*What you need to do:* Using the material below, repeat exactly the lines from the one with "Fantasy artwork of" through the one with "Kampfmittelsprengung in Blumberg", ends included, without any images.

*Source data:*

====================

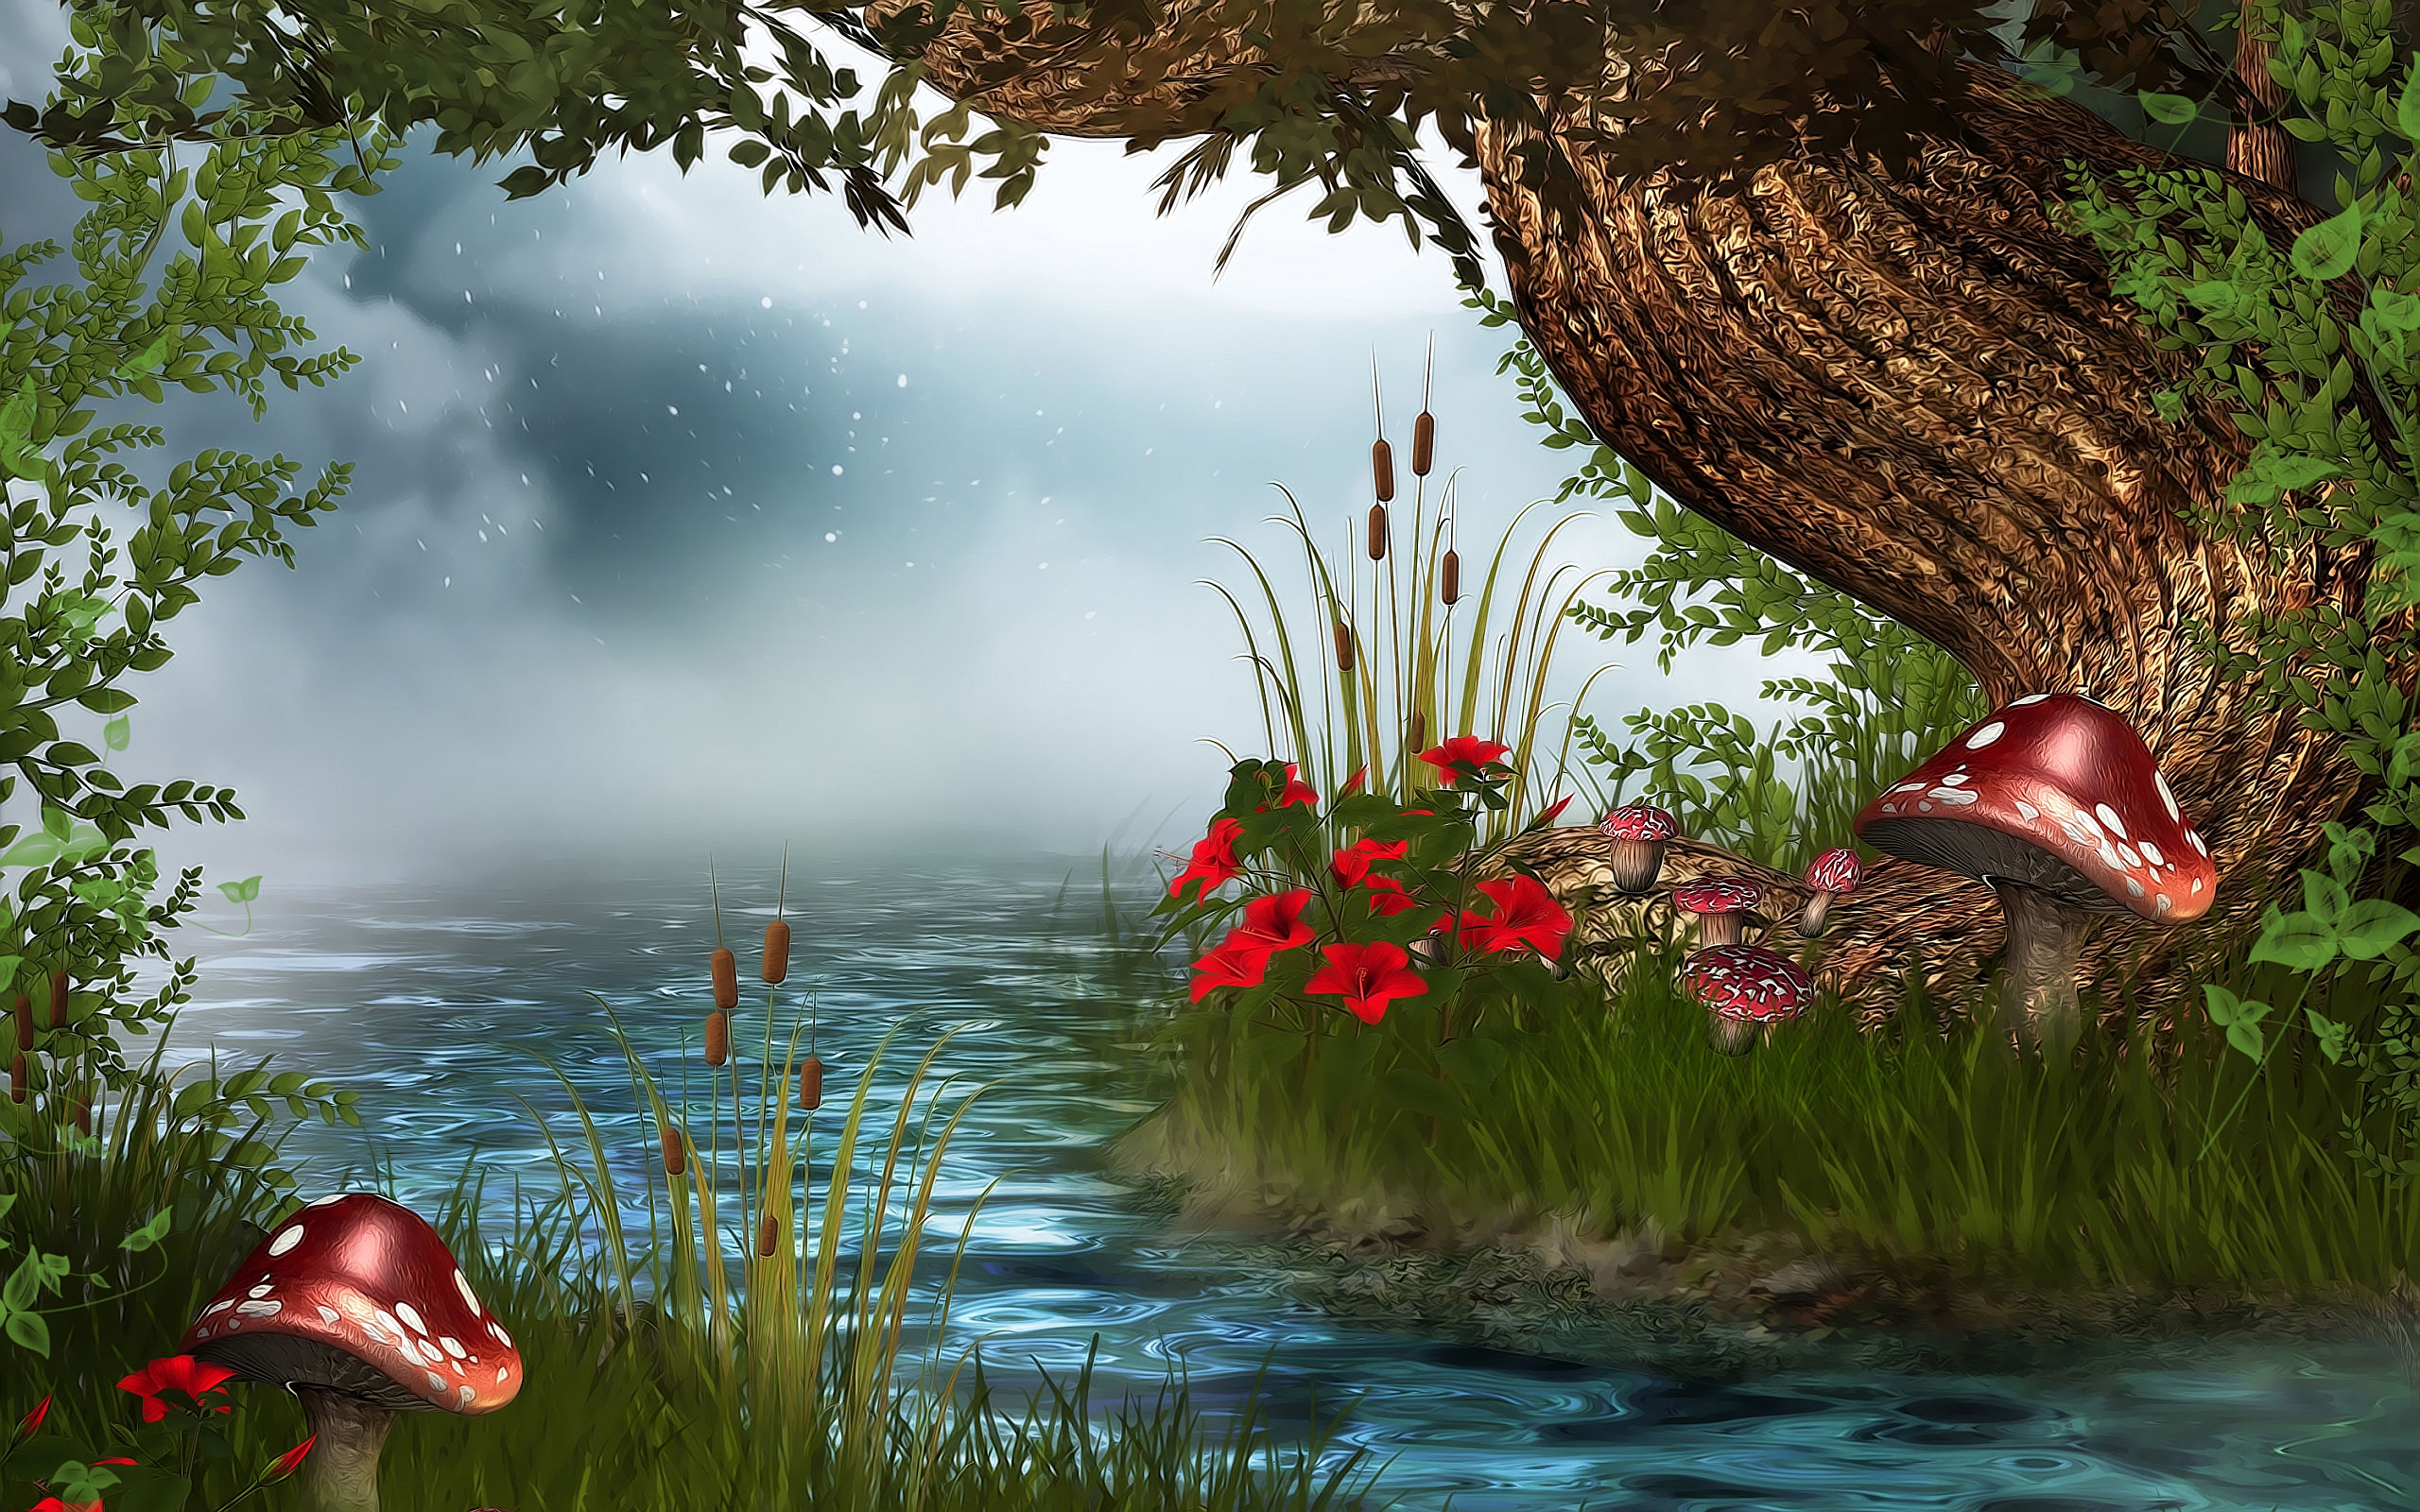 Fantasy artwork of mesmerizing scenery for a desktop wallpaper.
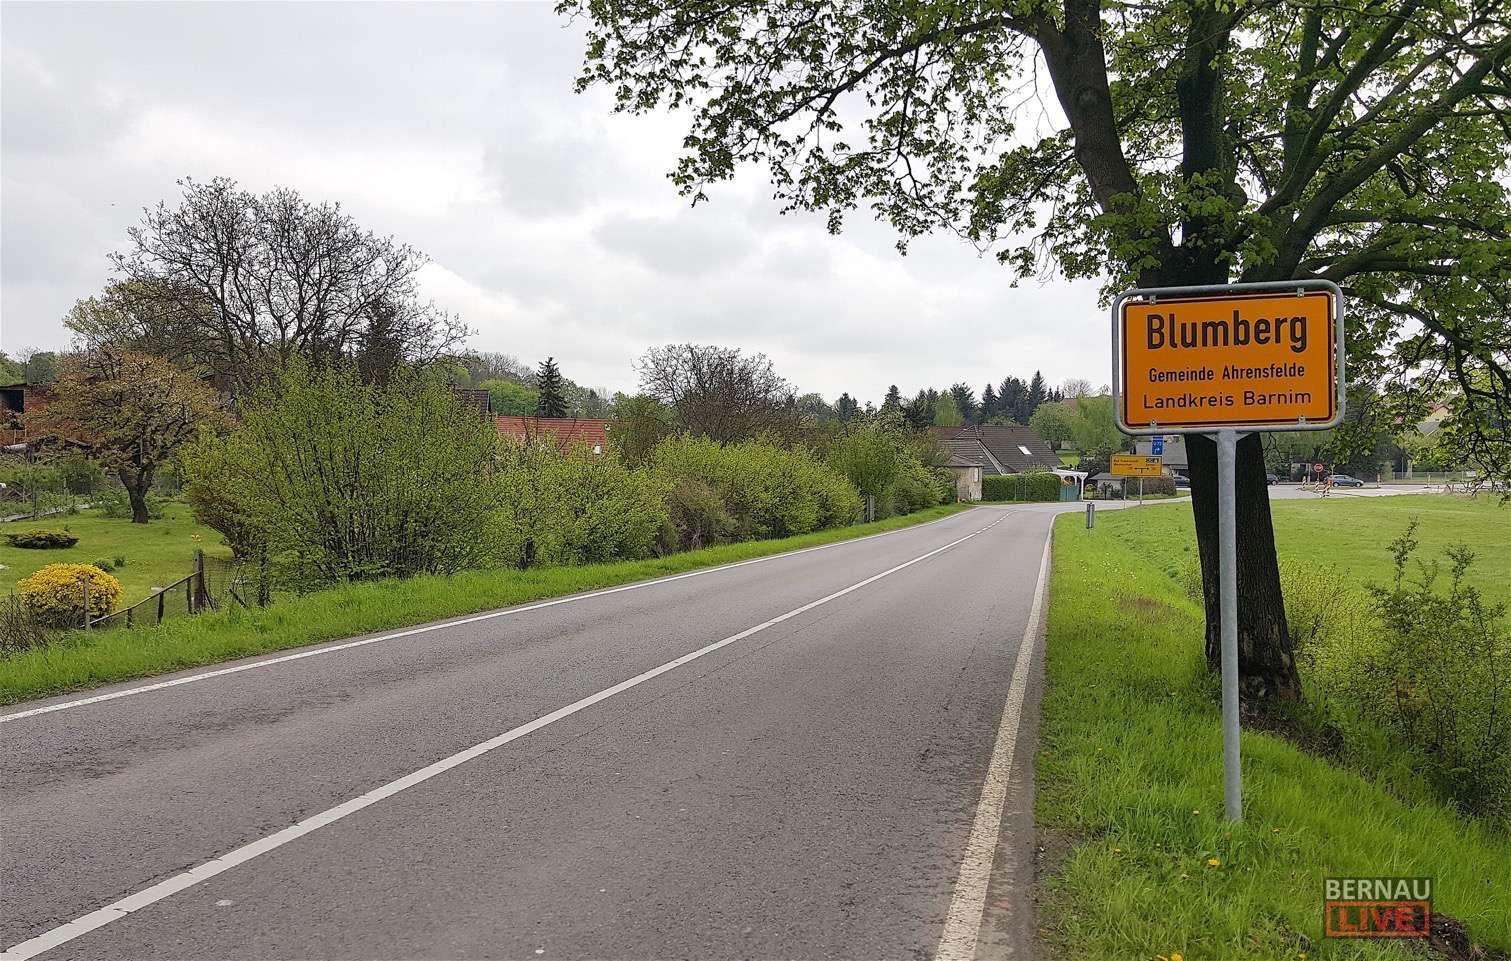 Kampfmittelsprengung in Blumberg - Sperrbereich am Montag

====================

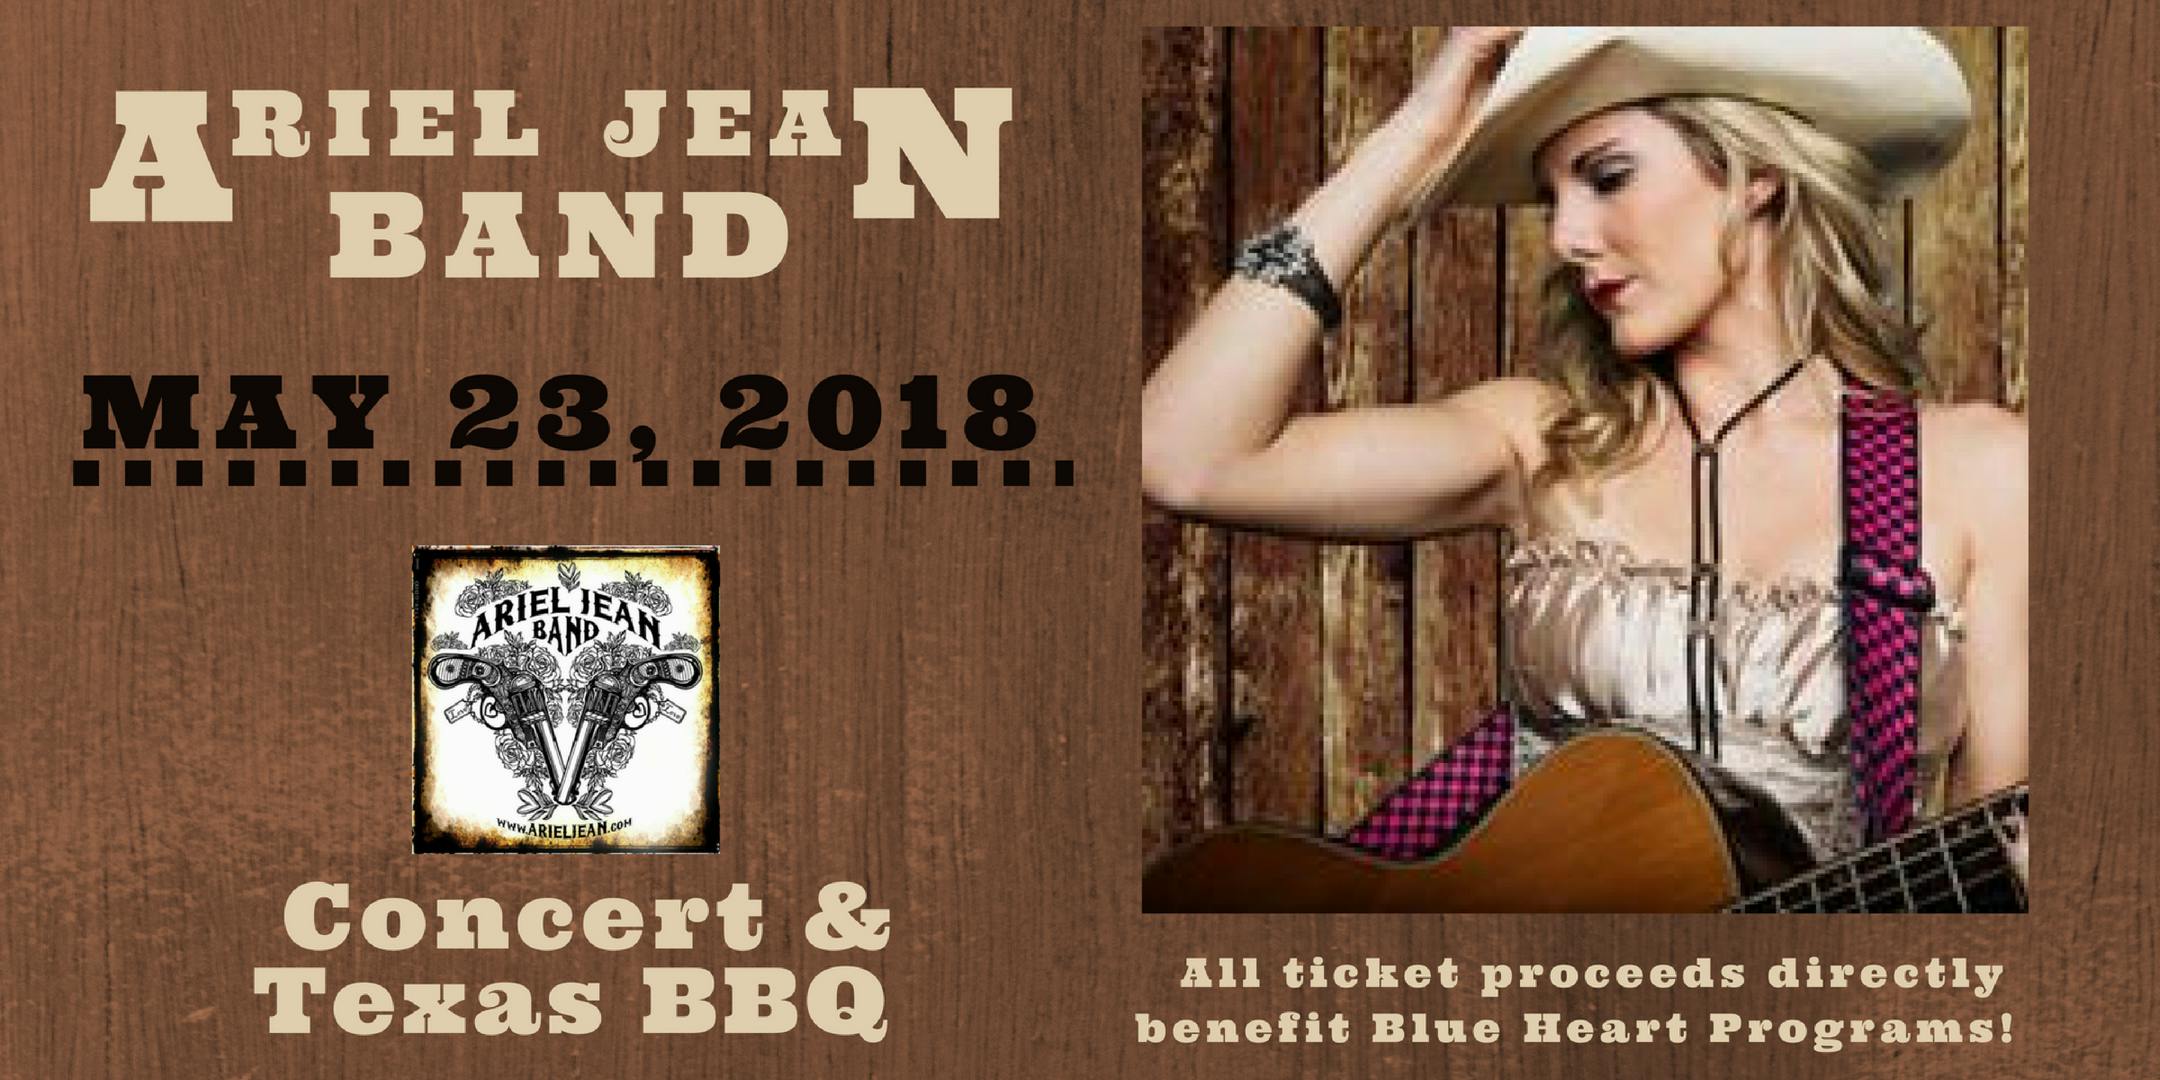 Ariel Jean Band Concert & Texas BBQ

====================

*Expected answer:*
 Fantasy artwork of mesmerizing scenery for a desktop wallpaper.
 Kampfmittelsprengung in Blumberg - Sperrbereich am Montag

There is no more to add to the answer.